Giving Compass' Take:

• Nonprofits need general operating funds in order to function and do the important work funders claim to want. As Vu Le writes in this Nonprofit AF post, funders need to understand that no work can be done if nonprofits cannot afford to operate. 

• How can we change the charitable culture to shift away from harmful narratives about overhead that impede nonprofits' work? What might make up the gaps in funding left by the damaging narrative of low overhead? 

• From a funder's perspective: why the Mulago Foundation provides unrestricted funding to achieve impact


General operating funds allow us nonprofits to be most effective at helping people, including saving lives. By restricting funds you are impeding our work; therefore, your philosophies and policies are causing people to get hurt and die.

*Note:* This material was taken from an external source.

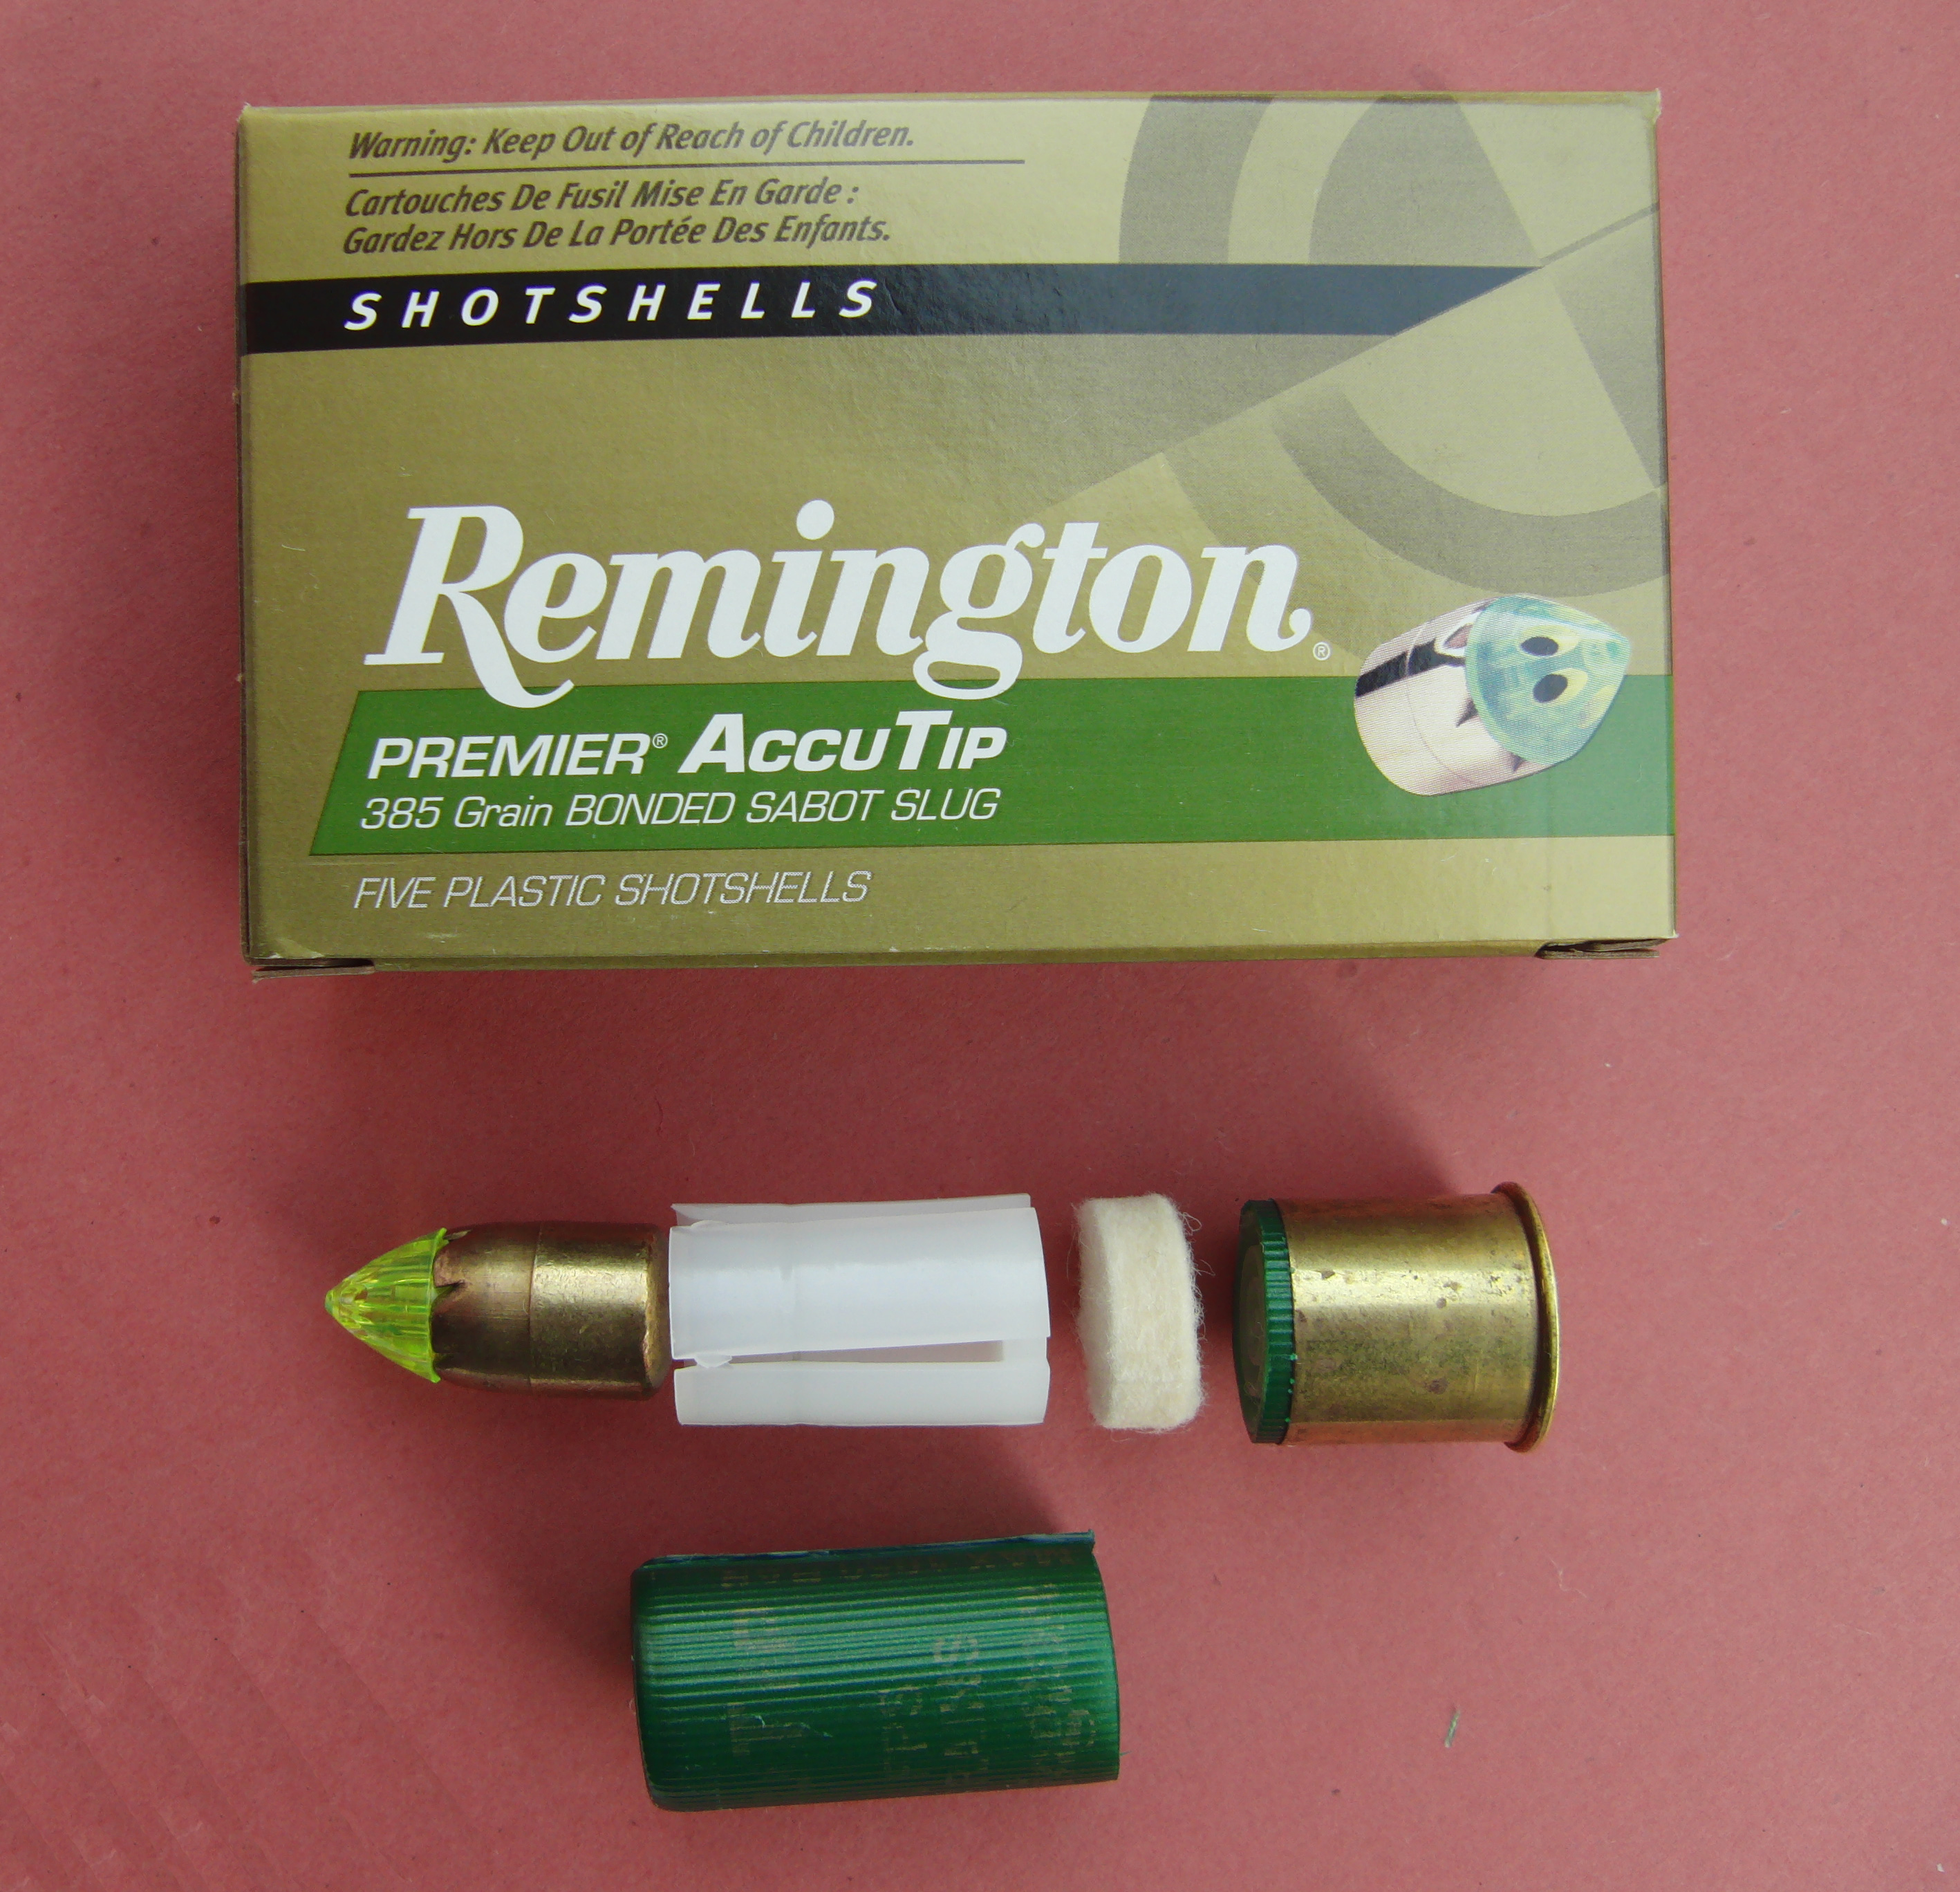 Remington Accutip desmontada

And that is unethical.

I know this sounds like a huge exaggeration. I wish it were. But this week I had a conversation with a colleague that made me realize just how serious this is.

My colleague told me that her wife, a case manager doing teen suicide prevention and other trauma work, just burned out and left the sector. The normal caseload of clients at her agency was supposed to be around 50. She had 110. She would take files home, working late into the nights, on the weekends.

The organization should have hired several more case managers. They said they would. But it never came to pass. The grueling, heartbreaking work took a toll on her (and other case managers) physically and emotionally, and she left the profession. Our field loses a brilliant and dedicated case manager, and who knows how many people’s lives were affected by her and others’ absence.

Yes, there are many variables at play here, including the agency’s decision to hire new case managers or not, to pay them fair wages or not, etc. But many of these decisions are determined, or at least greatly influenced, by the messages and the restrictions we receive from funders and donors.